Insertion Sort is like organizing a hand of playing cards. You take one card at a time and place it in its correct position among the cards you’ve already sorted.

Algorithm description

  1. Start with the second element (consider the first element as already sorted)
  2. Compare the current element with the elements in the sorted portion
  3. Shift all larger elements one position to the right
  4. Insert the current element into its correct position
  5. Repeat for all remaining elements

Example with Array: [5, 2, 8, 1, 9]

Initial: [5, 2, 8, 1, 9] (consider 5 as sorted)

Step 1 - Process 2:

  • Compare 2 with 5 → 2 < 5 → shift 5 right → insert 2 → [2, 5, 8, 1, 9]

Step 2 - Process 8:

  • Compare 8 with 5 → 8 > 5 → insert 8 after 5 → [2, 5, 8, 1, 9]

Step 3 - Process 1:

  • Compare 1 with 8 → 1 < 8 → shift 8 right
  • Compare 1 with 5 → 1 < 5 → shift 5 right
  • Compare 1 with 2 → 1 < 2 → shift 2 right
  • Insert 1 at beginning → [1, 2, 5, 8, 9]

Step 4 - Process 9:

  • Compare 9 with 8 → 9 > 8 → insert 9 after 8 → [1, 2, 5, 8, 9]

Array is now sorted!

The card Analogy

Imagine you’re sorting playing cards in your hand:

  • You pick the next card from the deck.

  • Compare it with the cards already in your hand.

  • Shift the bigger cards one place to the right.

  • Insert the card in its correct spot.

  • Repeat until all cards are in order.

consider that:

The left side of your array (or hand) is always sorted.

You keep growing this sorted portion one element at a time.

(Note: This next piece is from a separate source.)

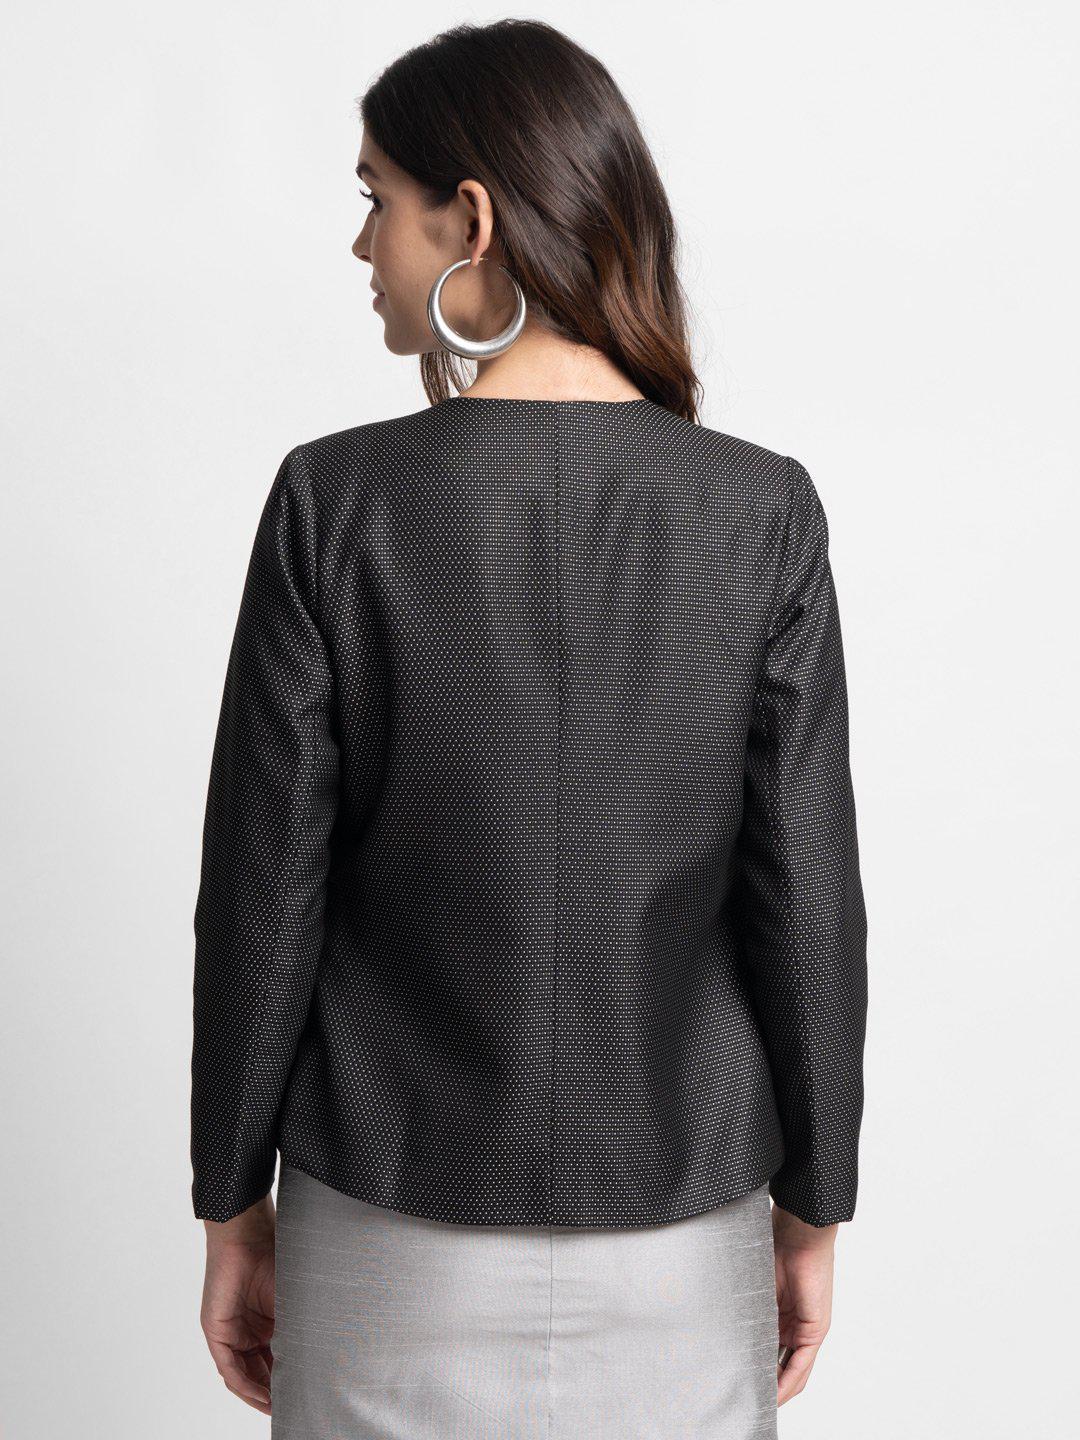 Swiss Dots Evening Jacket For Women - Black
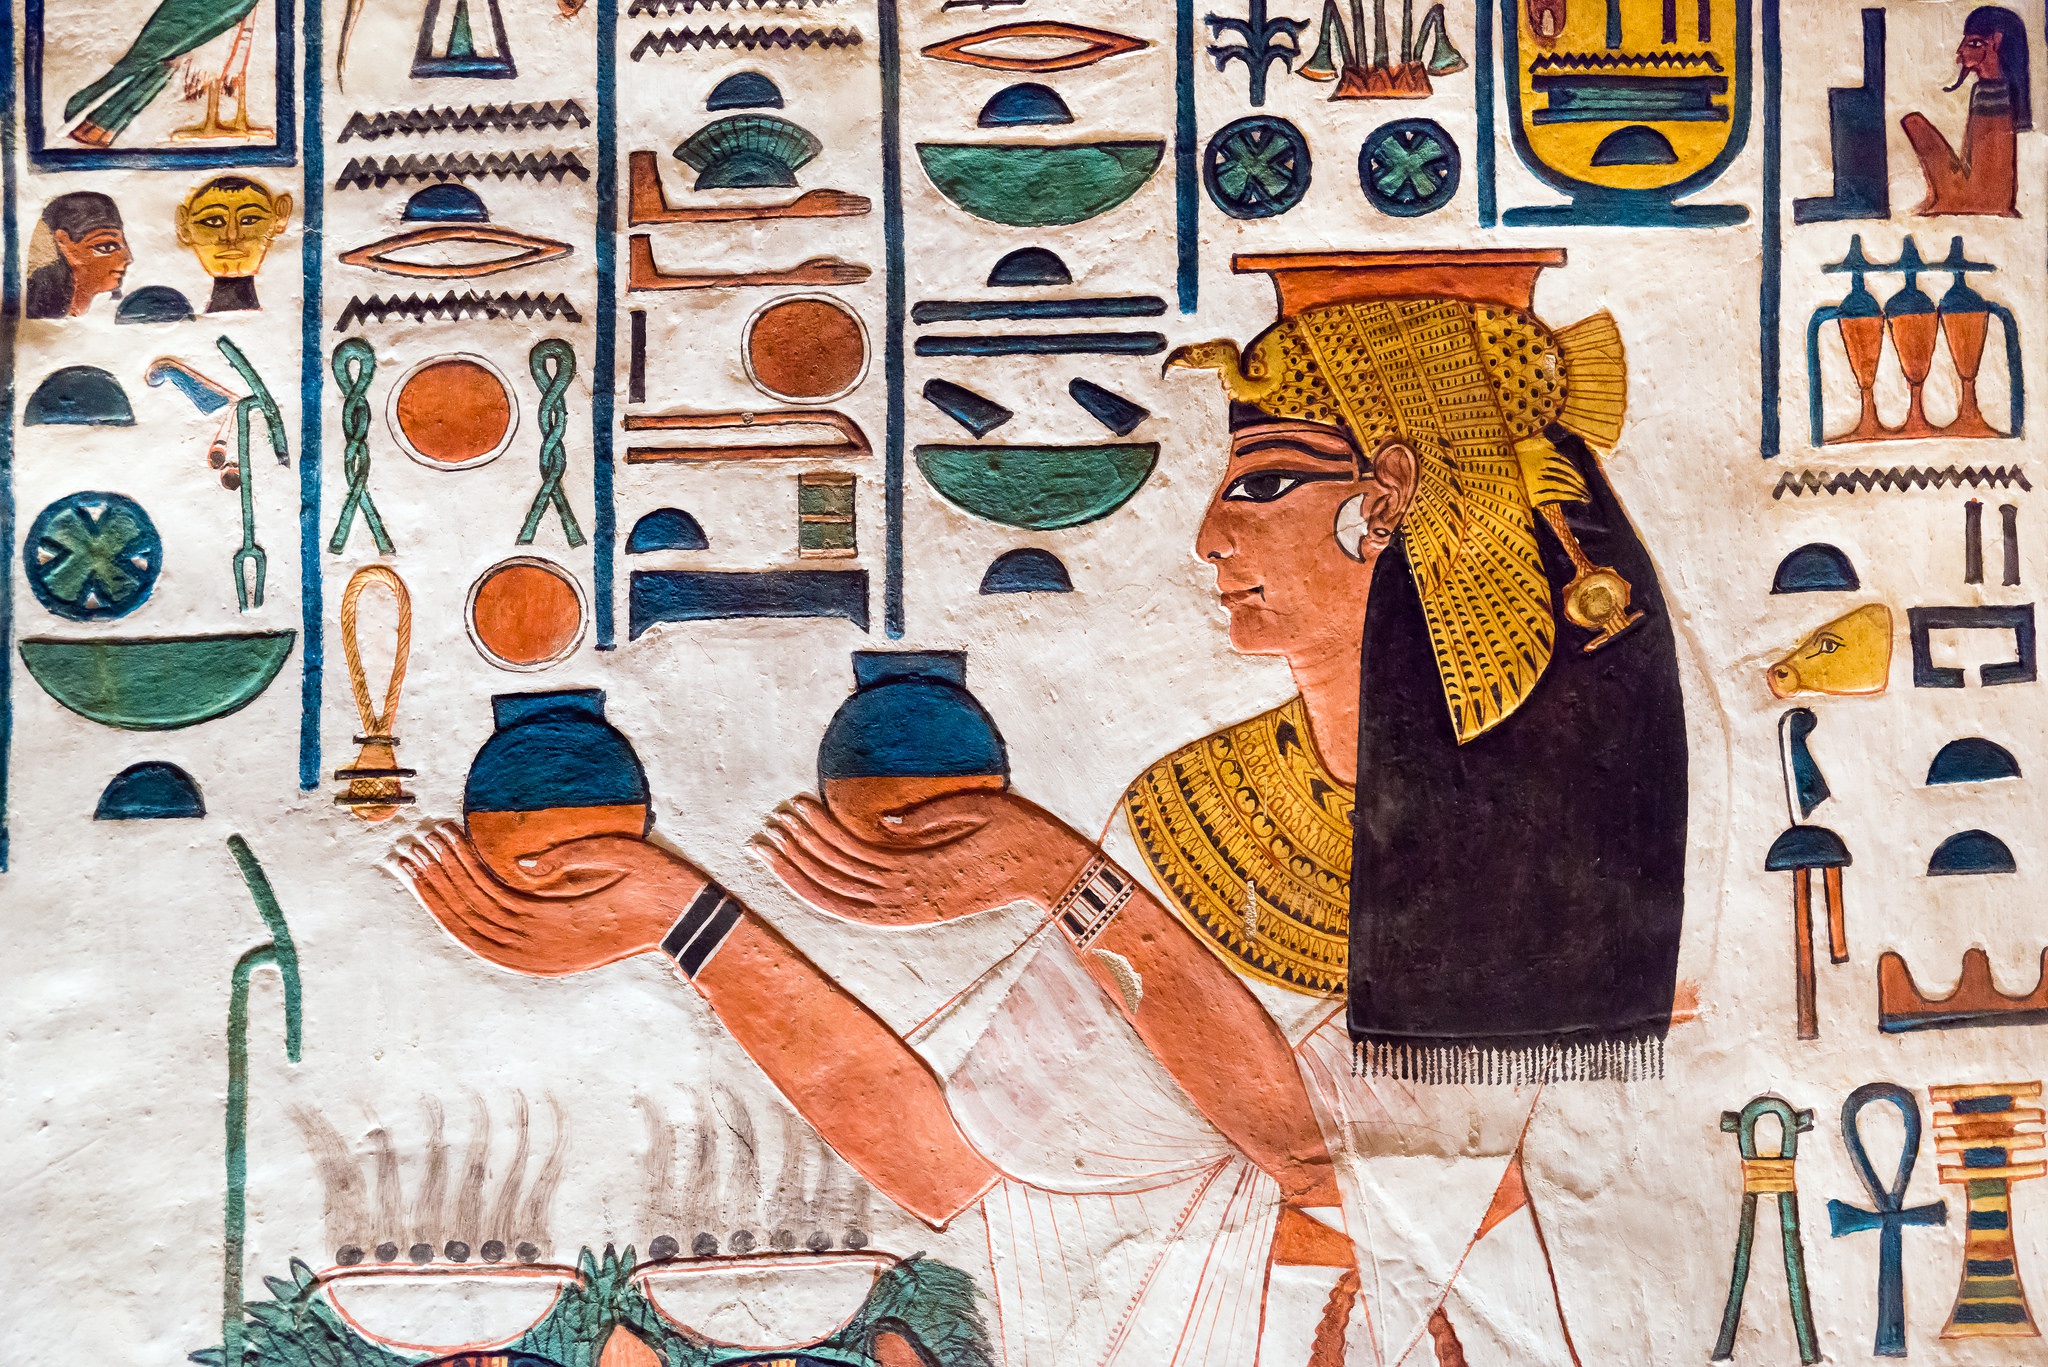 General 2048x1367 Egypt hieroglyphics colorful ancient

Characteristics of insertion sort

  • Time Complexity:

    • Worst case: O(n²) - when array is reverse sorted
    • Best case: O(n) - when array is already sorted
    • Average case: O(n²)

  • Space Complexity: O(1) - sorts in-place

  • Stable: Yes, equal elements maintain relative order
  • Adaptive: Performs well on partially sorted arrays
  • Online: Can sort lists as they're received

Simple Implementation

def insertion_sort(arr):
    for i in range(1, len(arr)):
        key = arr[i]  # Current element to be positioned
        j = i - 1

        # Shift elements greater than key to the right
        while j >= 0 and arr[j] > key:
            arr[j + 1] = arr[j]
            j -= 1

        # Insert key at correct position
        arr[j + 1] = key

    return arr

Advantages

  • Efficient for small datasets
  • Simple to implement
  • Low overhead
  • Stable sorting
  • Works well with nearly-sorted data
  • Online algorithm - can sort as data arrives

Real-World Use Cases

Insertion Sort is commonly used:

  • In practice for small arrays (often as part of hybrid algorithms like Timsort)
  • When data is mostly sorted
  • In situations where simplicity is more important than pure speed
  • As a building block for more complex algorithms

While not the most efficient for large random datasets, Insertion Sort excels in scenarios where data is small or partially ordered, making it practically useful despite its O(n²) worst-case complexity.